The subsequent media coverage of the open letter to the president of The Metropolitan Museum of Art, and a now iconic group photograph, gave notoriety to a group of artists including Sterne. After the publication of the letter in the New York Times on May 22, 1950, an editorial in The Herald Tribune of May 23, 1950, dubbed the group the "Irascible 18" and attacked the artists for "distortion of fact" in claiming the Metropolitan had "contempt" for modern painting. Life magazine's coverage of the protest in their January 15, 1951, edition included a photograph by Nina Leen. 15 of the letter's 28 signees arrived for the photo shoot: Theodoros Stamos, Jimmy Ernst, Barnett Newman, James Brooks, Mark Rothko, Richard Pousette-Dart, William Baziotes, Jackson Pollock, Clyfford Still, Robert Motherwell, Bradley Walker Tomlin, Willem de Kooning, Adolph Gottlieb, Ad Reinhardt, and Hedda Sterne.
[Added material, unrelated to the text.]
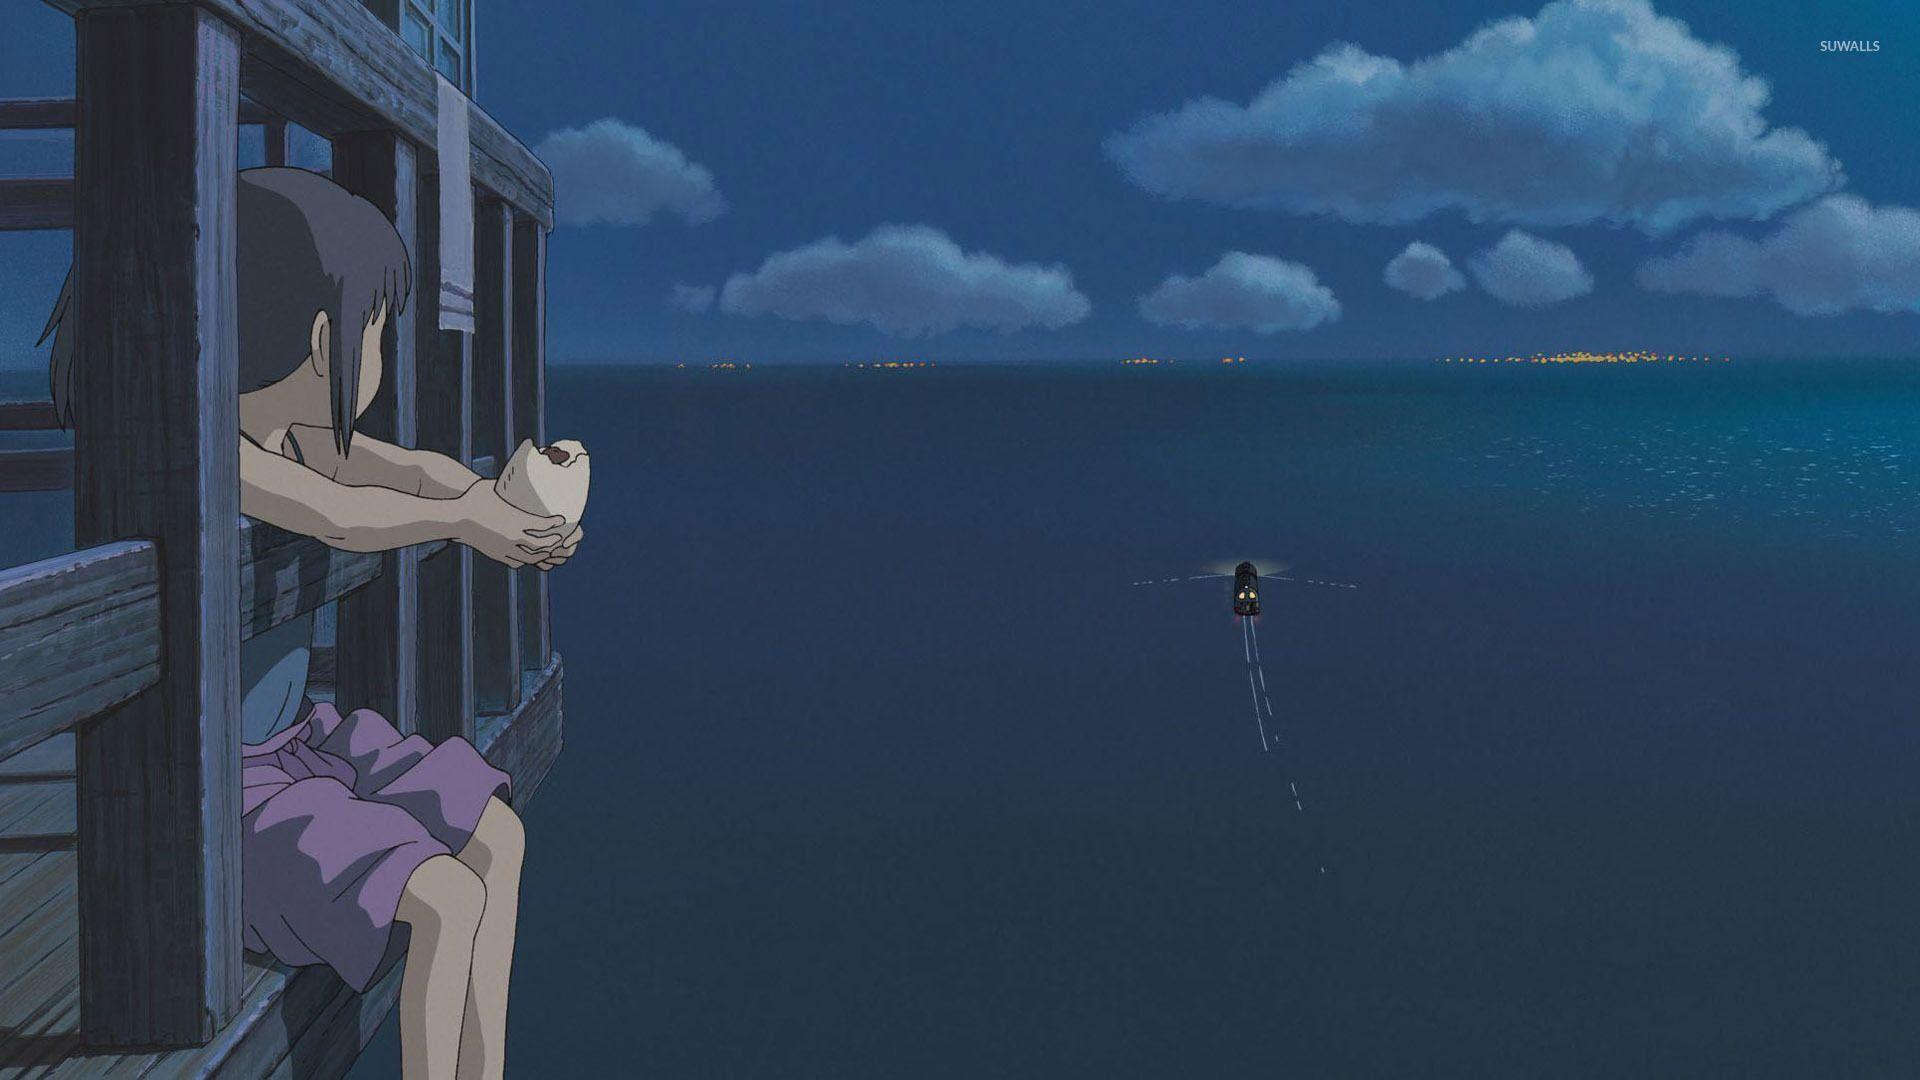 Screenshots From The Anime Spirited Away

Although the sculptors Louise Bourgeois and Mary Callery were among the signers of the letter, Hedda Sterne was the only woman in the photograph. This singularity made her name known to many who were unfamiliar with her work; as she remarked near the end of her life, "I am known more for that darn photo than for 80 years of work." "If I had an ego, it would bother me." Plus, she said, "it is a lie.”"Why? "I was not an Abstract Expressionist. Nor was I an Irascible."

== Mature career ==
In 1963, Sterne was granted a Fulbright Fellowship in painting, and spent more than a year working in Venice. Returning to New York in 1964, Sterne eschewed pressure to create a consistent and "marketable" style of artwork. She would express aversion to the idea of creating a "career" as an artist, preferring instead to follow her own path of expression and discovery. Her work of the 1960s and forward is often regarded as a progression of "series," following Sterne's ongoing and developing interests in visual perception, semiotics, existentialism, and meditation.
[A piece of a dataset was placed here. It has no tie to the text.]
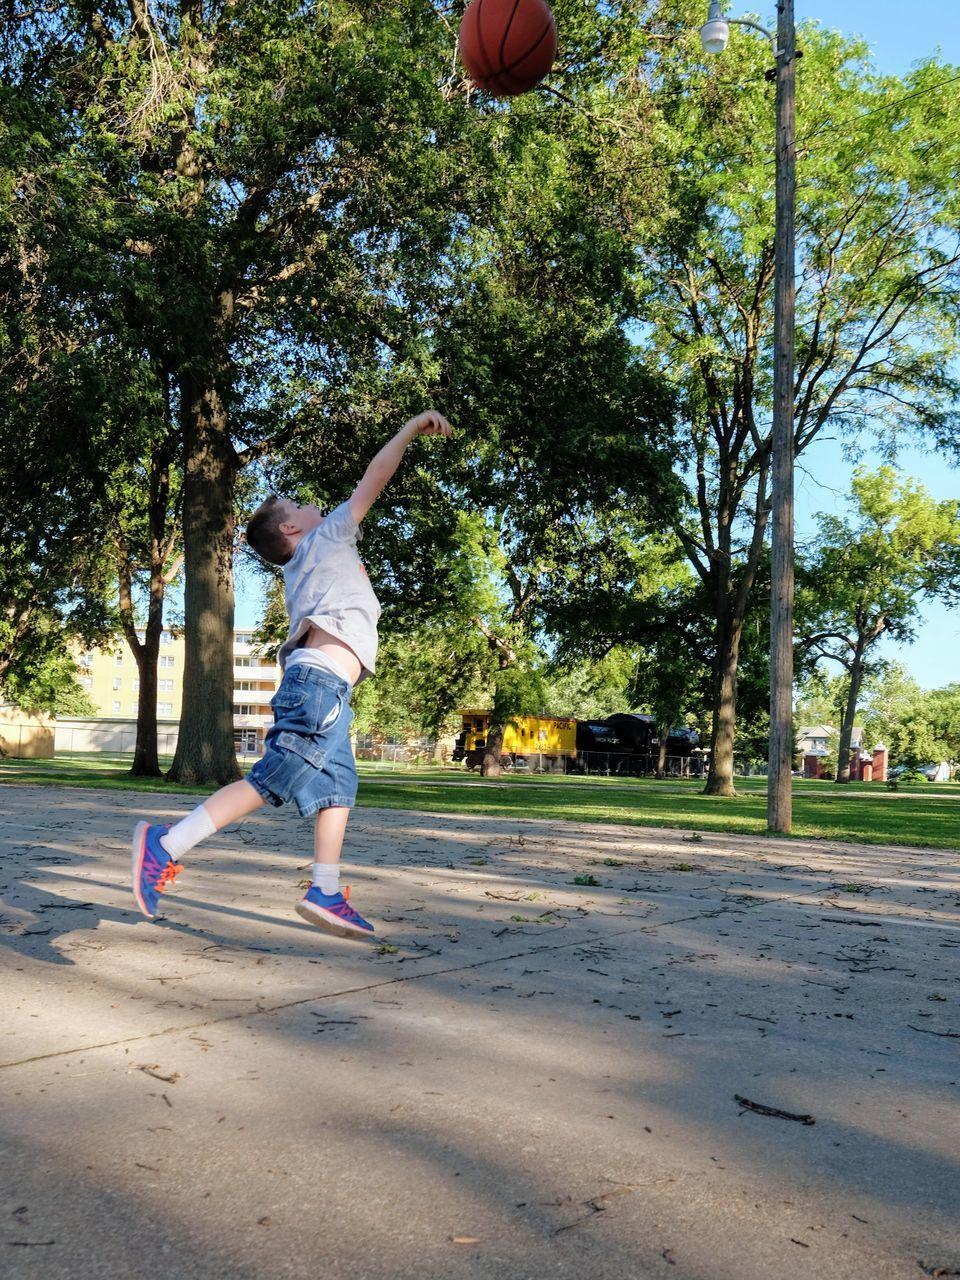 Full Length Of Boy Playing Basketball At Park

Though Sterne began to disengage socially from the art world and lead an increasingly private life in the 1960s, she continued to be involved in many exhibitions with Betty Parsons Gallery, CDS Gallery, and others. In 1977, her first retrospective exhibition was held at the Montclair Art Museum. In 1985, her second retrospective, "Hedda Sterne: Forty Years" was held at the Queens Museum. In November 1992, she met the art dealer Philippe Briet, and began a sustainable friendship which led to several projects until his death in February 1997. In October 1994, Briet introduced writer Michel Butor to Hedda Sterne, which began their collaboration on a book published in September 1995, La Révolution dans l'Arboretum. In 2006, her third retrospective exhibition, "Uninterrupted Flux: Hedda Sterne; A Retrospective" was held at the Krannert Art Museum.

Sterne was a prolific artist who maintained a daily practice of art-making throughout much of her career. She continued to create new work in her 80s and 90s, even while affected by macular degeneration. By 1998, she could no longer paint, but continued to draw. Between 2004 and 2008, Sterne suffered two strokes, which progressively affected her vision and movement. Hedda Sterne died on April 8, 2011, at the age of 100.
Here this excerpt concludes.